SERVICE wikibase:label { bd:serviceParam wikibase:language "en,en". }
}
Which lists these genome URLs:
genome |
https://gisaid.org/CoV2020 |
https://www.ncbi.nlm.nih.gov/assembly/GCF_009858895.2 |
https://www.ncbi.nlm.nih.gov/genome/86693 |
https://www.ncbi.nlm.nih.gov/nuccore/1798174254 |
Multiple variants of the virus genome made it into the international news. Originally thes were known as a Danish variant, a South-African variant, and a South-England variant. But the variants were only first discovered there, and the variant is not caused by anything related to the region. The following variants are listed in Wikidata, and includes the PANGO lineage code:
These were found in Wikidata with this query:
SPARQL sparql/sarscov2Variants.rq (run, edit)
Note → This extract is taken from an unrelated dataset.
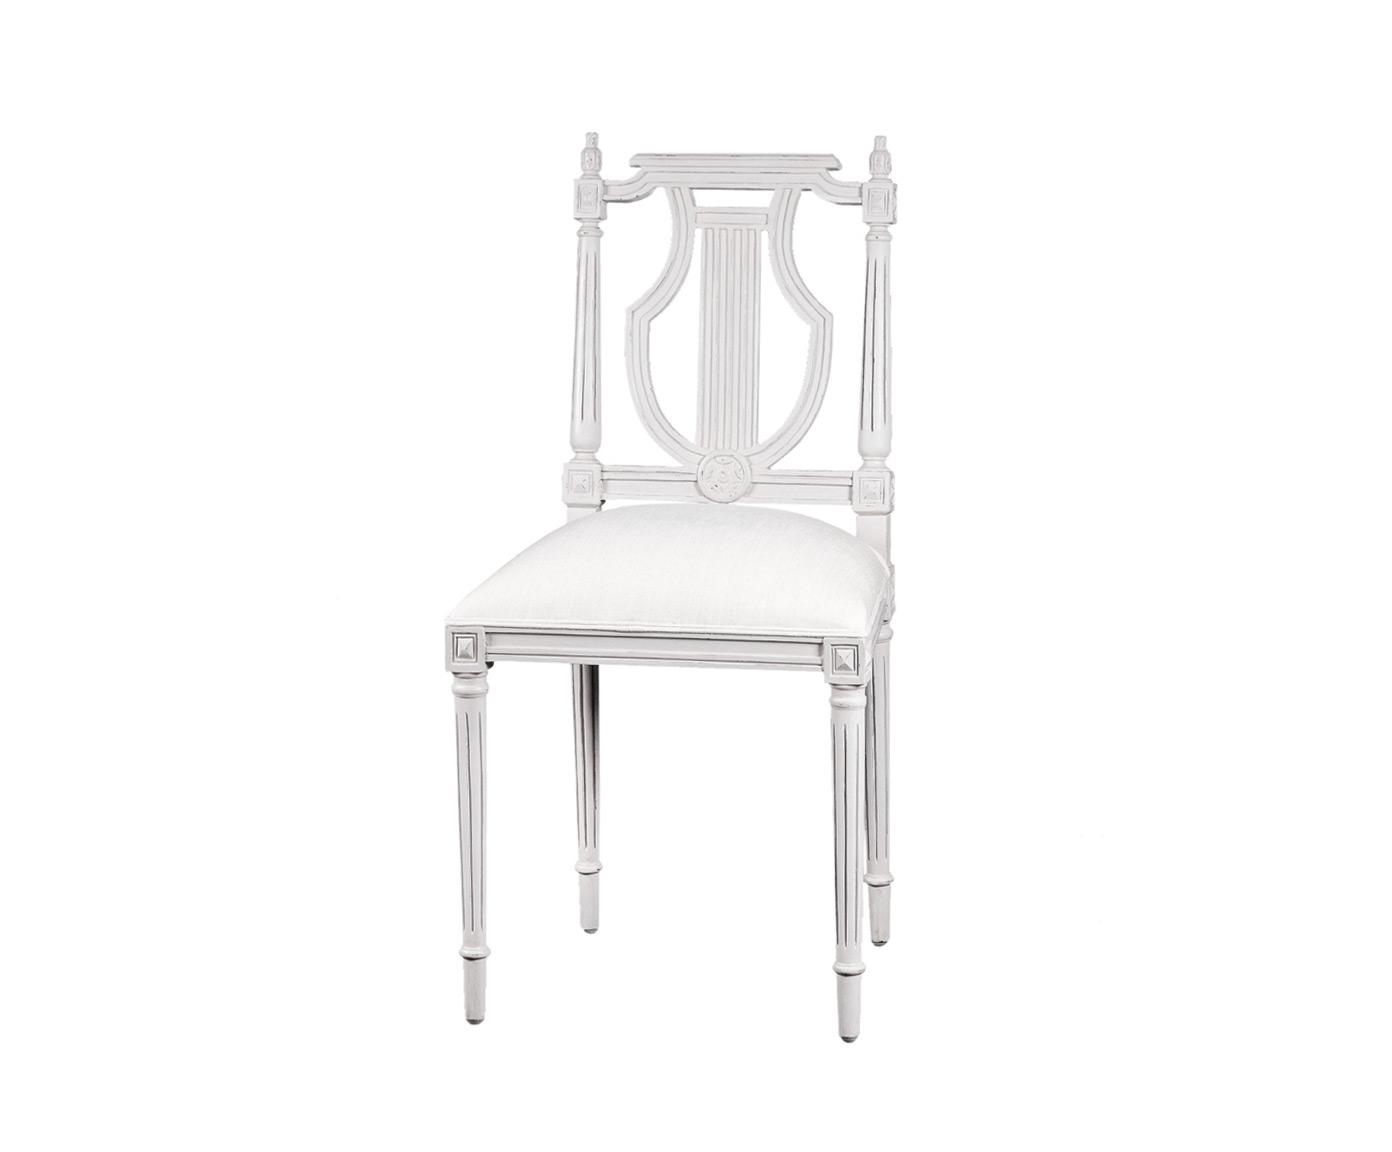 Стул ФранкеттОбеденные стулья<br><br><br>Material: Текстиль<br>Length см: 46.0<br>Width см: 48.0<br>Depth см: None<br>Height см: 93.0<br>Diameter см: None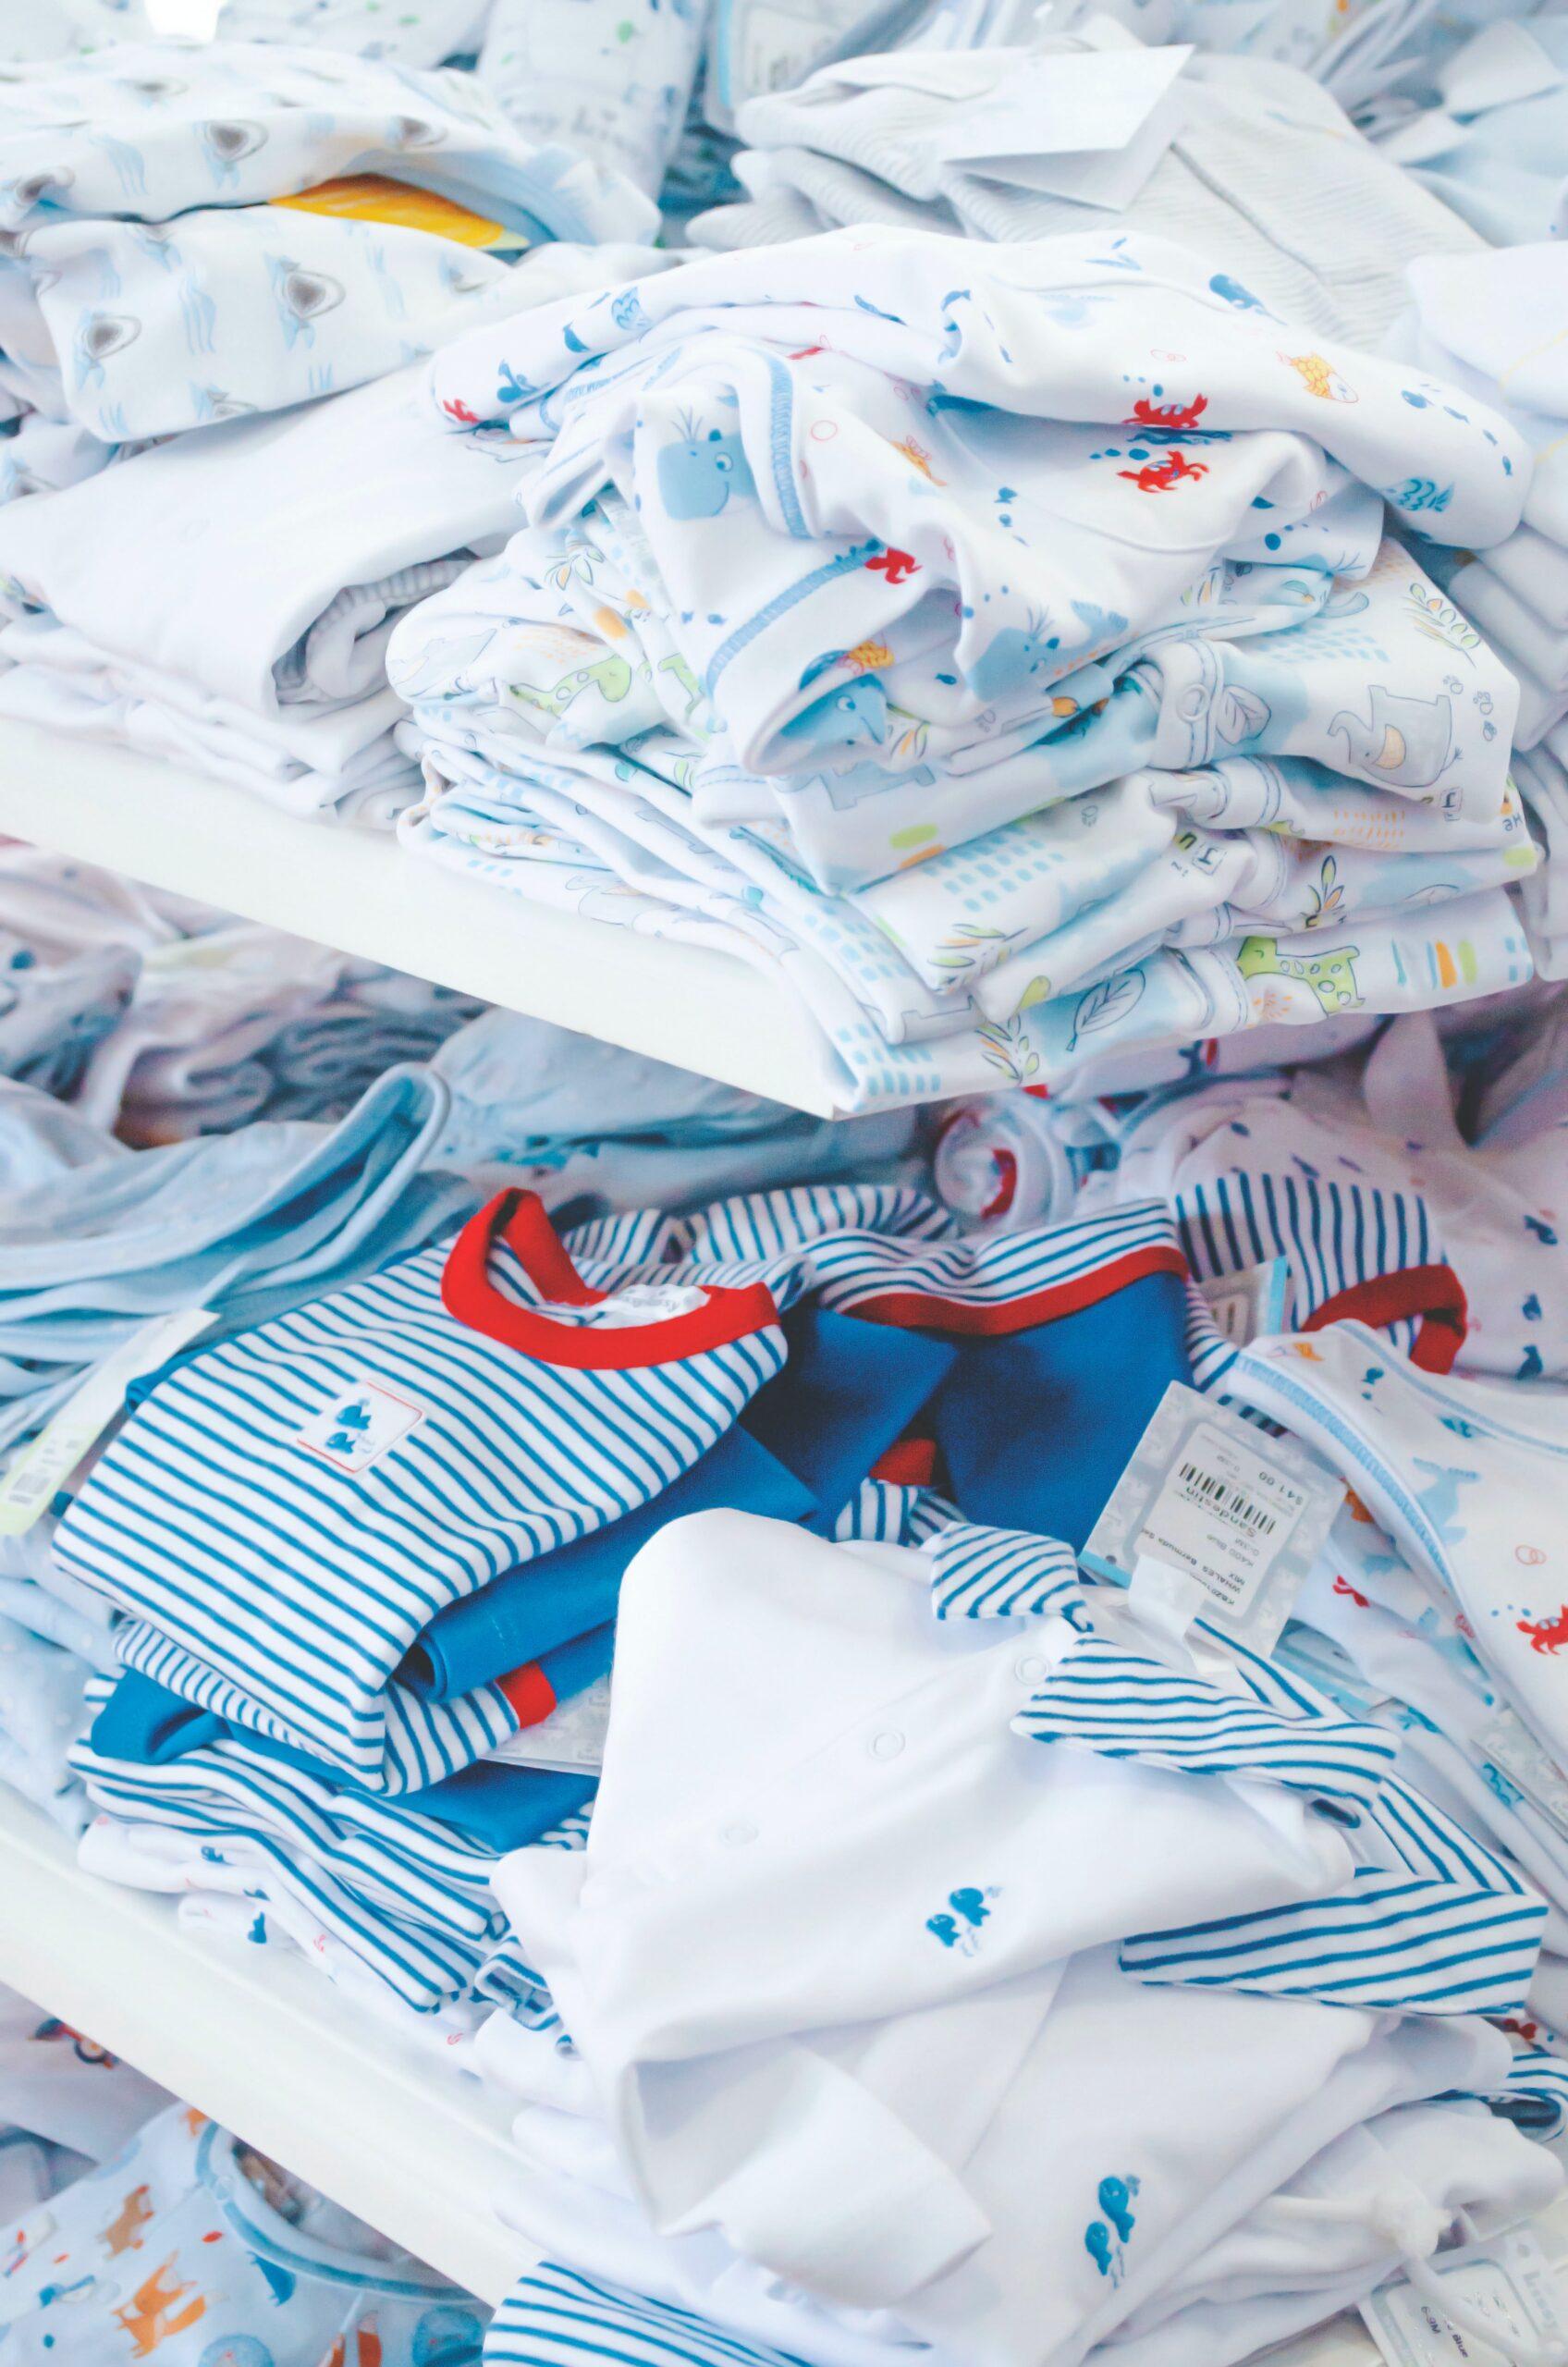 Top branduri de haine pentru bebeluși

SELECT DISTINCT ?variant ?variantLabel ?pango WHERE {
VALUES ?variantType { wd:Q15304597 wd:Q75913269 }
{ ?variant p:P31 [ ps:P31 ?variantType ; pq:P642 wd:Q82069695 ] . }
UNION
{ ?variant wdt:P31 wd:Q104450895 }
OPTIONAL { ?variant wdt:P9632 ?pango }
SERVICE wikibase:label { bd:serviceParam wikibase:language "en,en". }
}
These variants are all SARS-CoV-2, but a common type of combinations or sequence variants found in them gives them different properties. For examples, VUI–202012/01 (also known as B.1.1.7) has a combination of 17 sequence variants, see this write up. It must be noted that many of these 17 sequence variants are found in other SARS-CoV-2 variants too.
We can list all sequence variants listed in Wikidata (out of a few thousand!) with this query:
SPARQL sparql/sequenceVariants.rq (run, edit)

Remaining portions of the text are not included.